Ce déterminisme contraignant et stérilisant, ce
réductionnisme rigide et déshumanisant furent
bousculés, transformés et, en fin de compte, balayés par
une vision beaucoup plus exaltante et libératrice au XXe
siècle. On réalisa que le Réel n'était plus seulement
déterminé par des lois naturelles appliquées à des
conditions initiales particulières ; il était aussi modelé
par la contingence, c'est-à-dire une suite d'événements
historiques. Certains de ces épisodes contingents,
modifiant et bouleversant la réalité à son niveau le plus
profond, étaient à l'origine même de notre existence.
Ainsi celui de l'astéroïde venu percuter la Terre il y a 65
millions d'années : en provoquant la disparition des
dinosaures et en favorisant ainsi la prolifération de nos
ancêtres les mammifères, ce choc contingent fut
responsable de notre émergence.
L'intrusion de l'histoire ne fut pas seule responsable
de la libération de la Nature. Les lois physiques
perdirent elles-mêmes de leur rigidité. Avec
l'avènement de la mécanique quantique au début du
XXe siècle, le hasard et le flou quantiques entrèrent en
force dans le monde subatomique. Ainsi, si le physicien
n'active pas son instrument de mesure, les particules de
matière ne peuvent être décrites que par des ondes de
probabilité : on aura plus de chances de les rencontrer
aux crêtes des ondes qu'à leurs creux. Contrairement à
ce que Einstein pensait, Dieu joue aux dés dans le
monde subatomique. De plus, le monde des atomes est
soumis au principe d'incertitude énoncé par le physicien
allemand Werner Heisenberg. Ce principe dit que nous
ne pouvons pas déterminer précisément la position d'un
électron sans le perturber avec nos instruments de
mesure, rendant sa vitesse aléatoire et imprévisible.
Plus la position de l'électron sera précise, plus sa vitesse
sera incertaine. Cette incertitude ne dépend pas de la
sophistication de nos instruments de mesure, mais est
inhérente à la Nature. La représentation de l'électron qui
se déplace sur une orbite avec une position et une
vitesse bien déterminées est donc fausse : il faudrait le
représenter partout à la fois, sous forme d'ondes de
probabilités. Le rêve de Laplace de mesurer
précisément la position et la vitesse de toute particule
dans l'univers pour prédire son évolution vole en éclats.

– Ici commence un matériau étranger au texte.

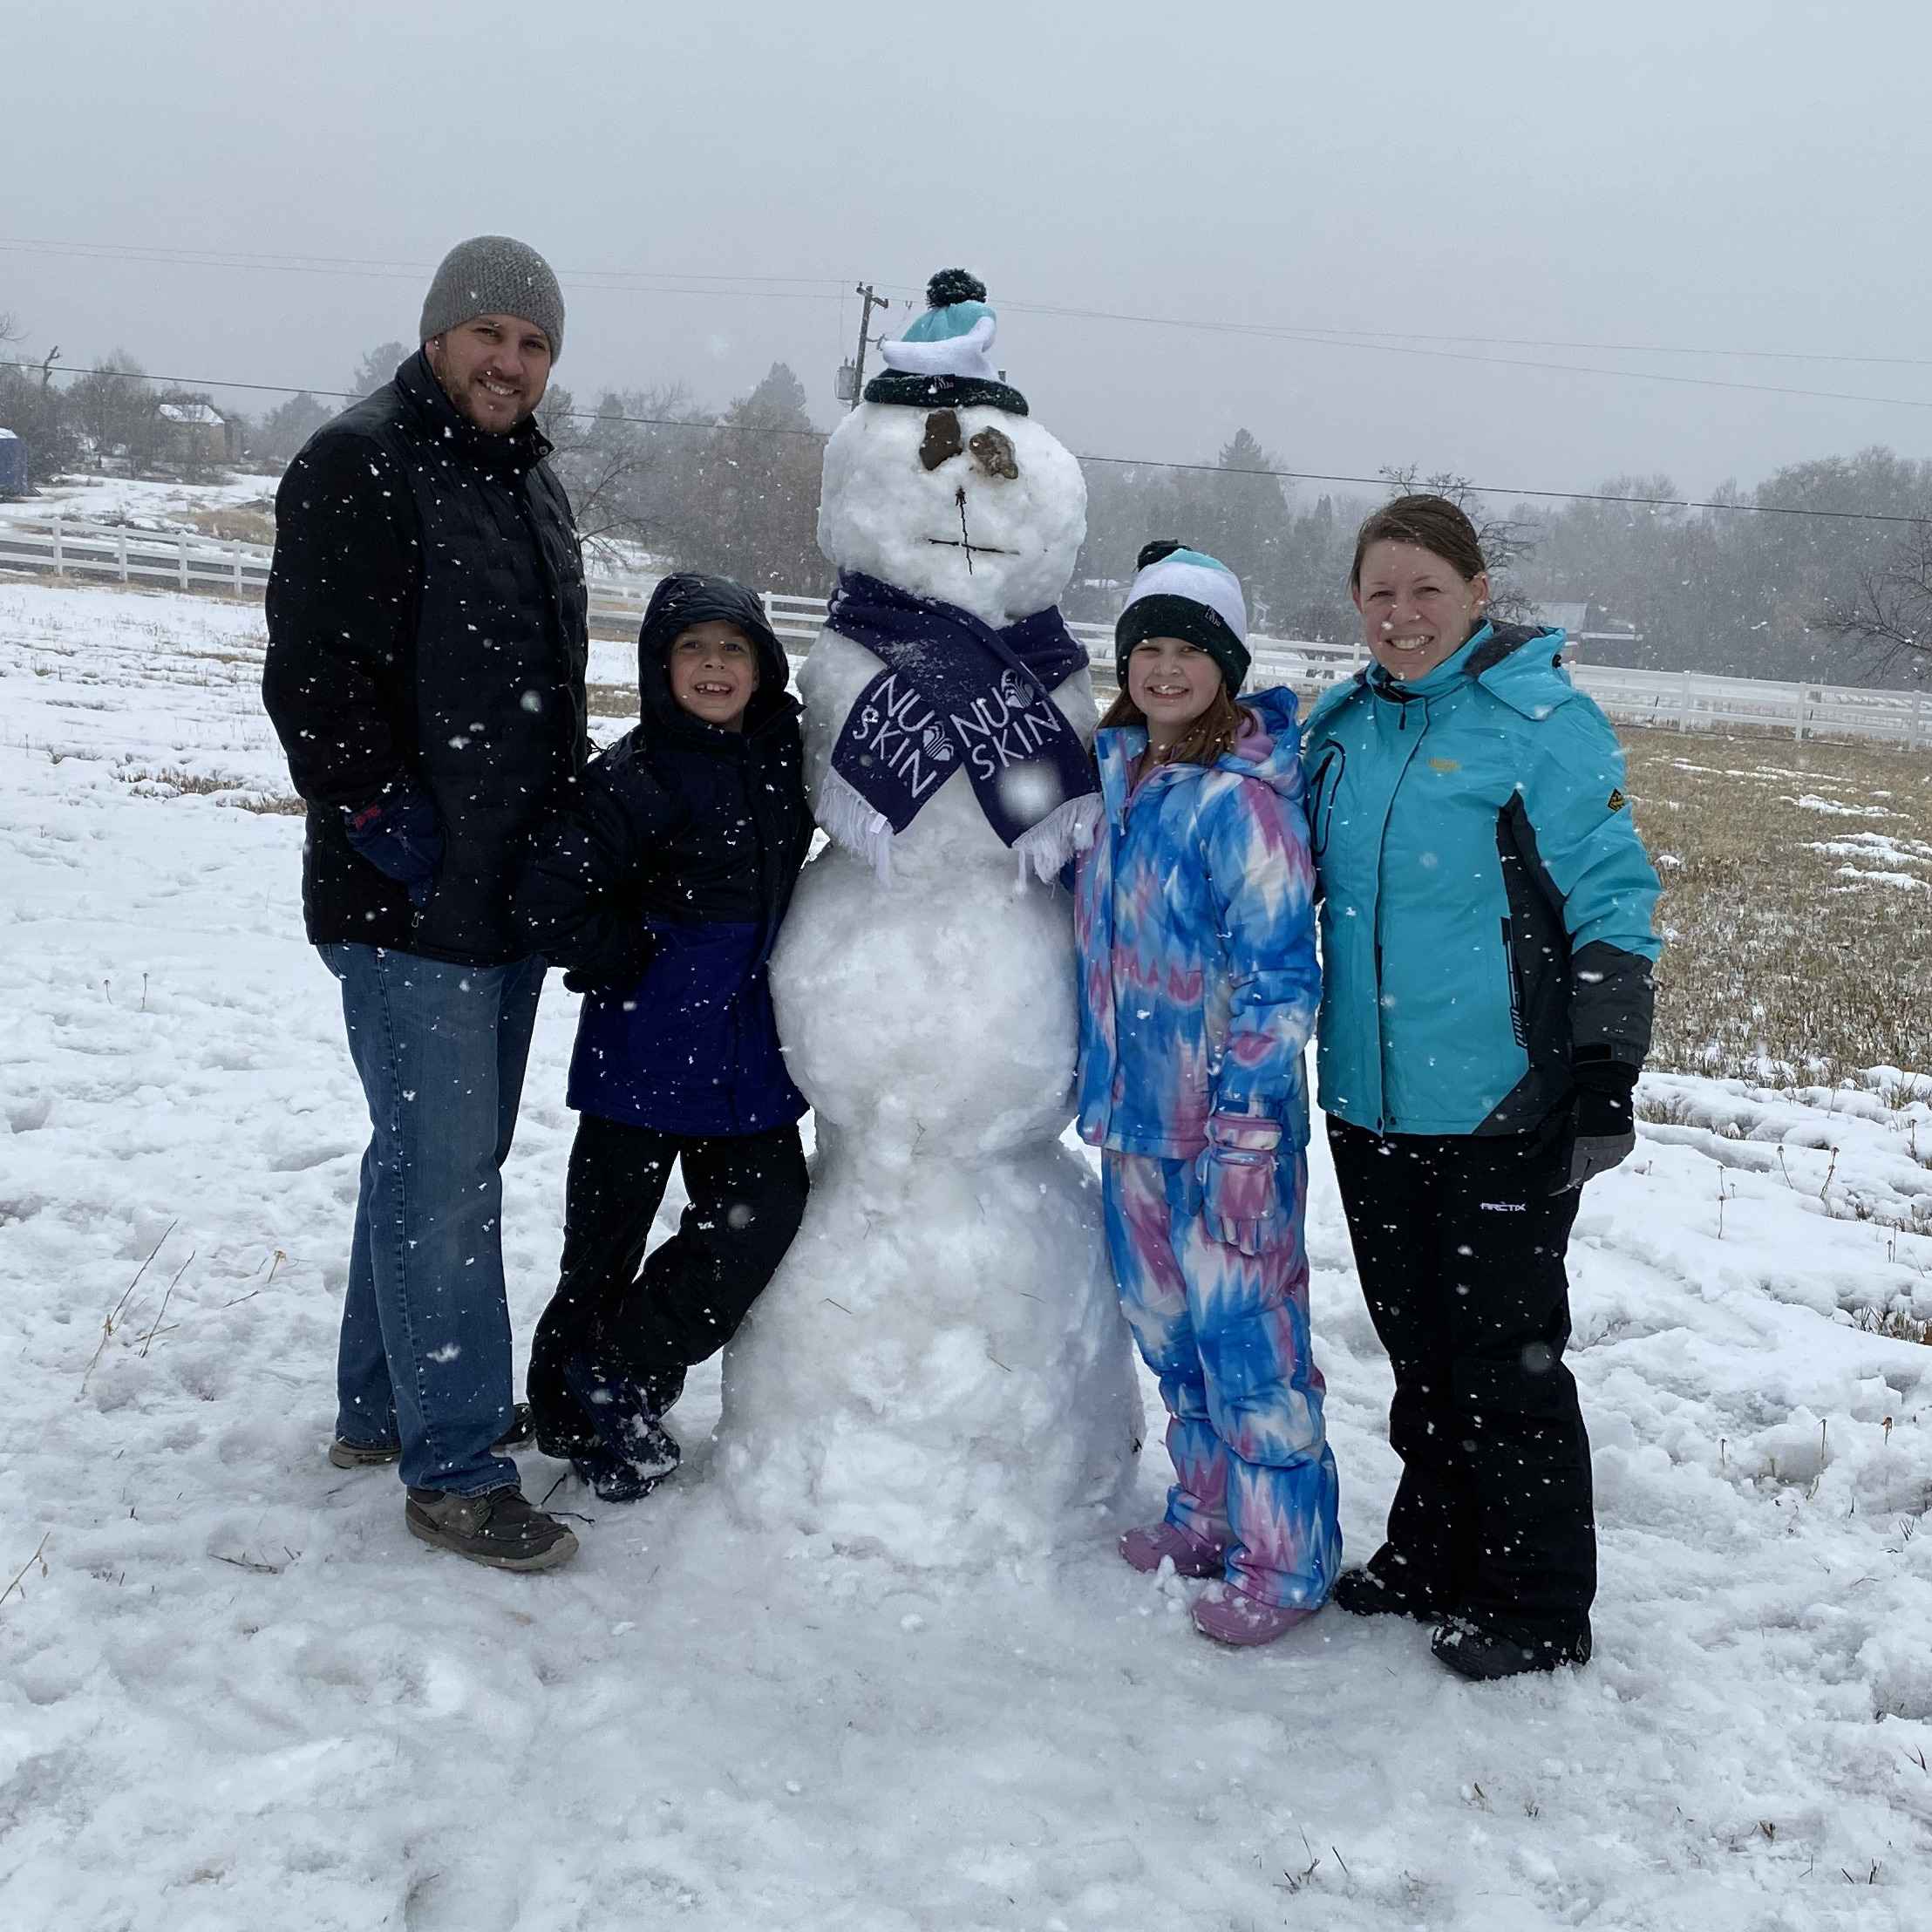 Always a fun time with Steve the Snowman!

A la stérile certitude déterministe se substitue la
stimulante incertitude du flou quantique. L'acte même
de déterminer engendre l' indétermination. Parler d'une
réalité « objective » qui existerait en l'absence de toute
observation n'a donc pas de sens, car on ne peut jamais
l'appréhender. On ne peut percevoir qu'une réalité
subjective de l'électron qui dépend de l'observateur et
de ses instruments de mesure. La forme que prend cette
réalité est inextricablement liée à notre présence. Nous
ne sommes plus des spectateurs passifs devant le drame
tumultueux du monde des atomes, mais des acteurs à
part entière. La mécanique quantique a ainsi introduit
un nouveau couplage entre d'une part le monde
physique fait de matière, d'énergie et d'information, et
d'autre part la conscience. C'est l'interaction de notre
conscience avec le monde physique à l'échelle atomique
et subatomique qui détermine les propriétés de ce
dernier. Mais cela n'est plus vrai à l'échelle
macroscopique : cette table ne disparaît pas si je ne la
regarde pas. En revanche, dans le monde sub-
atomique, si je n'observe pas une particule, elle prend
des allures d'onde.
Le réductionnisme étroit et simpliste du monde
newtonien et laplacien fut aussi balayé. Dans le monde
atomique et subatomique, la réalité morcelée et
localisée devint non séparable, globale et holistique.
Deux particules de lumière qui ont interagi restent en
contact (sans aucune transmission de signal lumineux)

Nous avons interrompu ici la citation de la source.